This is Exercise 12.2(a) of Roman's "Fundamentals of Group Theory: An Advanced Approach". According to this search, it is new to MSE.
The Details:
Roman defines, on page 350 ibid., the dicyclic group of order $4n, n>1$, using the presentation
$${\rm Dic}_n\cong \langle x,y\mid x^{2n}, y^2=x^n, yx=x^{2n-1}y=x^{-1}y\rangle.\tag{$\mathcal{P}$}$$
The Question:
Why does the dicyclic group have exactly one involution?
Thoughts:
Since the order of the dicyclic group is $4n$, two divides its order, so by Cauchy's Theorem, an involution exists; but this is nuking the problem, since $y^2=x^n$ is an involution by the relation $x^{2n}=1$ in $(\mathcal{P})$.

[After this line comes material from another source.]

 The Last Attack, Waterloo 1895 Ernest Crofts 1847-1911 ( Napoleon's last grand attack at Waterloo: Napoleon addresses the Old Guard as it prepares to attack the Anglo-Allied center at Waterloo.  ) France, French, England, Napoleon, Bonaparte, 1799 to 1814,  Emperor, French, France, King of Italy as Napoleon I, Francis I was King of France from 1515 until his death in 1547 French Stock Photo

Suppose, then, for a contradiction, that $z^2=1$ for some $z\in{\rm Dic}_n$ with $z\neq x^n$. Now what do I do?
Experience tells me that we can write each element of ${\rm Dic}_n$ in the form $x^ay^b$ for some $a\in\overline{0,2n-1},$ $b\in\{0,1\}$. This follows from the orders of $x$ and of $y$, together with the last relation in $(\mathcal{P})$. I'm fairly sure this will help.
An Example:
Let $n=2$. Then ${\rm Dic}_2$ is isomorphic to the quaternion group. Clearly $-1$ is its only involution.
My Background:
I work with presentations a lot, so this seems like a problem I should be able to solve myself with a bit of a hint. I don't have much experience with dicyclic groups.
Further Context:
This question is from a rather introductory chapter titled "Free Groups and Presentations", so the tools available aren't as sophisticated as in, say, Magnus et al.'s "Combinatorial Group Theory: [. . .]".
Please help :)
Well, it is clear that one involution is $x^n$, and this is the only power of $x$ that is an involution. Every other element can be written in the form $x^iy$ with $0\leq i\lt 2n$, using the given relations. Note that any even power of $y$ can be written as a power of $x$, since $(y^{2k}) = (y^2)^k = (x^n)^k = x^{kn}$, and any odd power of $y$ can be written as a power of $x$ times $y$, since $y^{2k+1} = y^{2k}y = x^{kn}y$. That’s why every element can be written as $x^iy^j$ with $0\leq i\lt 2n$, $0\leq j\lt 2$. Uniqueness takes a bit more work, but isn’t terribly hard.
We have $$(x^iy)^2 = x^iyx^iy = x^ix^{-i}y^2 = x^n.$$ So this is trivial if and only if $x^n=e$, which cannot happen since $x$ has order $2n$. Thus, none of these elements are involutions, and so the only involution is $x^n$, which we already found.